Jadwal terlalu padat, bahkan hampir tak ada waktu untuk dirinya sendiri. Banyak piala terpajang di ruang belajarnya, deretan sertifikat penghargaan nyaris tak terhitung jumlahnya. Semua bakat dan lomba selalu mendapatkan juara, tapi entah mengapa ia tidak bahagia.
"Nona, apa Anda mengerti macam-macam hakikat ilmu kimia?" tanya pria itu sembari menunjuk papan tulis. Meskipun tahu jawabannya, Aleksandra tetap diam. Rasa malas dan bosan benar-benar menguasai dirinya, setidaknya hanya untuk hari ini.
"Nona? Oh, saya tahu! Pasti Anda sedang kesal pada ayah Anda karena beliau sudah lima hari tidak pulang," duga pria itu, wajahnya tersenyum ramah.
"Pak, boleh saya bertanya di luar pelajaran ini?"
"Boleh."
"Menurut bapak, apa itu rumah?"
"Hah? Rumah itu bangunan beratap, tempat berteduh dan pulang. Ya seperti rumah ini, megah seperti—" belum selesai bicara, Aleksandra langsung memotongnya.
"Tidak! Bukan rumah ini, maksudku rumah yang lain. Bagaimana aku bisa menjelaskannya, ya?"
Guru itu tersenyum memahami maksud Aleksandra, ia pun duduk di sofa berhadapan dengan gadis yang diajarinya. "Nona, rumah itu seperti keluarga yang lengkap, yang selalu ada saat dunia meninggalkan Anda."
"Jika ayahku melakukan sesuatu yang melanggar janji pernikahan? Apa itu masih layak disebut rumah?" cecarnya mengingat ayahnya yang suka selingkuh, bahkan sering tidak pulang.
Guru itu tak menjawab, kepalanya menunduk seakan ada jawaban menyakitkan, tapi enggan melontarkan pendapat. Hal itu memicu rasa penasaran dalam diri gadis itu, untuk kedua kalinya Aleksandra kembali bertanya, suaranya lebih keras dari sebelumya. Gurunya pun terkejut, akhirnya menjawab.
"Berarti dia hanya gagal menjadi suami yang baik, asal Anda tahu di dunia ini tidak ada yang benar-benar sempurna. Eits! Kecuali, nilai seratus. Soalnya mentoknya hanya segitu hahaha," canda pria itu diikuti Aleksandra, mereka berdua belajar diselingi candaan.
Beberapa jam kemudian, guru itu pamit pulang. Seorang pelayan memanggilnya, ia diminta pergi ke ruang pribadi Victoria Elodie. Aleksandra mengira panggilan itu untuk membahas pembayaran atau gaji dari guru tersebut. Jadi, gadis itu tak memikirkan hal negatif atau memiliki kecurigaan kepada ibunya.

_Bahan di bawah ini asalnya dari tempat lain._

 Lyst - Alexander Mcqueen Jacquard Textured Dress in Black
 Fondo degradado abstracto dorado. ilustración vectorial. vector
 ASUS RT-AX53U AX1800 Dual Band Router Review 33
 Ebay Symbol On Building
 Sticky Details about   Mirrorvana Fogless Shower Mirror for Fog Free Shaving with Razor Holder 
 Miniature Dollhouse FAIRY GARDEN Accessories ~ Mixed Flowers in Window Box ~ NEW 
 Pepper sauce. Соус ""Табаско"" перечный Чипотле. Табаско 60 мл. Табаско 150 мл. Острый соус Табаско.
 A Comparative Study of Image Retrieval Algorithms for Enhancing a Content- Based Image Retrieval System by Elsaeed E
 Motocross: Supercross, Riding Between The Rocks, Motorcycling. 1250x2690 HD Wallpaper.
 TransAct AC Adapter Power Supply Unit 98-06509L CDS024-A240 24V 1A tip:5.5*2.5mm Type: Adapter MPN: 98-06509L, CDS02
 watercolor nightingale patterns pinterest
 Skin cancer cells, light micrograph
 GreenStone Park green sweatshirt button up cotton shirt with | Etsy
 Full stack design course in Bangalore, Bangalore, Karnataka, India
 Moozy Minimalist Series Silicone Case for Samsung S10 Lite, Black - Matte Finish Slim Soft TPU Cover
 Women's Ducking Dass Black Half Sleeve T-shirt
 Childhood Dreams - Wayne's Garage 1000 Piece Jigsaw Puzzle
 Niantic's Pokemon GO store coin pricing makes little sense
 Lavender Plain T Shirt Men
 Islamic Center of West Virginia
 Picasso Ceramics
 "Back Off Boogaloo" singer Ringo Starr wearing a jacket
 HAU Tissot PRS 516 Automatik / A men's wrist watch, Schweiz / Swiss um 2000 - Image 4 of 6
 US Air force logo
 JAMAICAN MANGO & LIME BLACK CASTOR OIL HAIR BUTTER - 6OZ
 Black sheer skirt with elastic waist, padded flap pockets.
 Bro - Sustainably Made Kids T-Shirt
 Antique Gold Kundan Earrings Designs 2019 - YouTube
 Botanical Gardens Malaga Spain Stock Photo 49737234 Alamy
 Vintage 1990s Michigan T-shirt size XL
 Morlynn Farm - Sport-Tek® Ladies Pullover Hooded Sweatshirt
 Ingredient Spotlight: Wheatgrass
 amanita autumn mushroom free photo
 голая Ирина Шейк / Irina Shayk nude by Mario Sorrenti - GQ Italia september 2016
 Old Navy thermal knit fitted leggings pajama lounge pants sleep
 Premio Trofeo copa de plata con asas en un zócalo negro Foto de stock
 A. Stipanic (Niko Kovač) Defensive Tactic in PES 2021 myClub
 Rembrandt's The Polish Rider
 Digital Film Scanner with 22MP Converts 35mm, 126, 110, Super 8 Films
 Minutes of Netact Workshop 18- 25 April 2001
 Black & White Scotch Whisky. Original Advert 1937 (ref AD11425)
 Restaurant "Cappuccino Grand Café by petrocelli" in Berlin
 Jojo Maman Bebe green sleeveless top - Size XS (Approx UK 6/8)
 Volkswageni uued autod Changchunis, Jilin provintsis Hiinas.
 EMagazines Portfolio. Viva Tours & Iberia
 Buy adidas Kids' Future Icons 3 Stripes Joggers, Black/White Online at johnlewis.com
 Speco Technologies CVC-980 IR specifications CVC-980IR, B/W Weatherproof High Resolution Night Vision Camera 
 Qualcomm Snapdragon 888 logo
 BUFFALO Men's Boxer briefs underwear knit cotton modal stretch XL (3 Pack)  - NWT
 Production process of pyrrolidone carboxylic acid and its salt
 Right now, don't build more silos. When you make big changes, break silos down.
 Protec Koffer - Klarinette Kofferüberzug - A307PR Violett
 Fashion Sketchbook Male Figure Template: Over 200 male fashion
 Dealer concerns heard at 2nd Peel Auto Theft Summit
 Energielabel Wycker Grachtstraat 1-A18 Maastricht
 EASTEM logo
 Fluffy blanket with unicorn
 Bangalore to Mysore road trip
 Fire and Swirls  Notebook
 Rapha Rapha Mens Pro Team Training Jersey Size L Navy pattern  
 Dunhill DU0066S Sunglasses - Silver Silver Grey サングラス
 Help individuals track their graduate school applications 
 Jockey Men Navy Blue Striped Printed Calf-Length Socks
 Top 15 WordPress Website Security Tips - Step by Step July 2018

Setelah pria itu melewati lorong, pelayan yang mengajak guru tersebut berhenti di sebuah ruangan. Pintu diketuk, terdengar suara dari dalam yang menyuruhnya masuk.
Ceklek!
Sebuah ruangan luas dengan dekorasi mewah, warna putih mendominasi seisi ruangan, ada meja berbentuk persegi panjang, dan lampu kristal indah berukuran besar.
"Aleksandra berhasil mendapatkan nilai sempurna, terima kasih sudah mengajarinya. Celis," ucap Victoria Elodie berdiri di dekat jendela, pandangannya tertuju di taman belakang rumah.
"Ya, itu tanggung jawabku. Tenang saja, aku akan menjaganya di sekolah. Aku janji tidak akan terjadi sesuatu padanya."
Suara ketukan pintu menghentikan ucapan pria itu, mereka berdua segera duduk di sofa. Berprilaku seolah tak terjadi apa-apa, gaya bicara pun terdengar formal.
"Masuk!"
"Mami, ada yang ingin aku bicarakan padamu," ujar Aleksandra menundukkan kepala.
Celis Alfred, guru les Aleksandra meminta izin untuk pamit. Victoria Elodie tersenyum manis, sorot matanya terlihat berbeda dan di saat yang sama pula Aleksandra menangkap sesuatu dari tatapan aneh itu.
Victoria dan Celis saling berjabat tangan kemudian pria itu pergi. Tak lupa pintu pun ditutupnya, suasana menjadi hening, gadis itu duduk di sofa.
"Mami, kenapa mendaftarkan aku les tari? Ini harus setiap hari?" tanya Aleksandra, nada suaranya terdengar keberatan.
"Kita berasal dari Keluarga Elodie, semua generasi ahli dalam hal menari. Jika kau tidak bisa menguasainya, lantas mau ditaruh di mana muka Mami di hadapan keluarga lain?" debat Victoria membuat anaknya terdiam.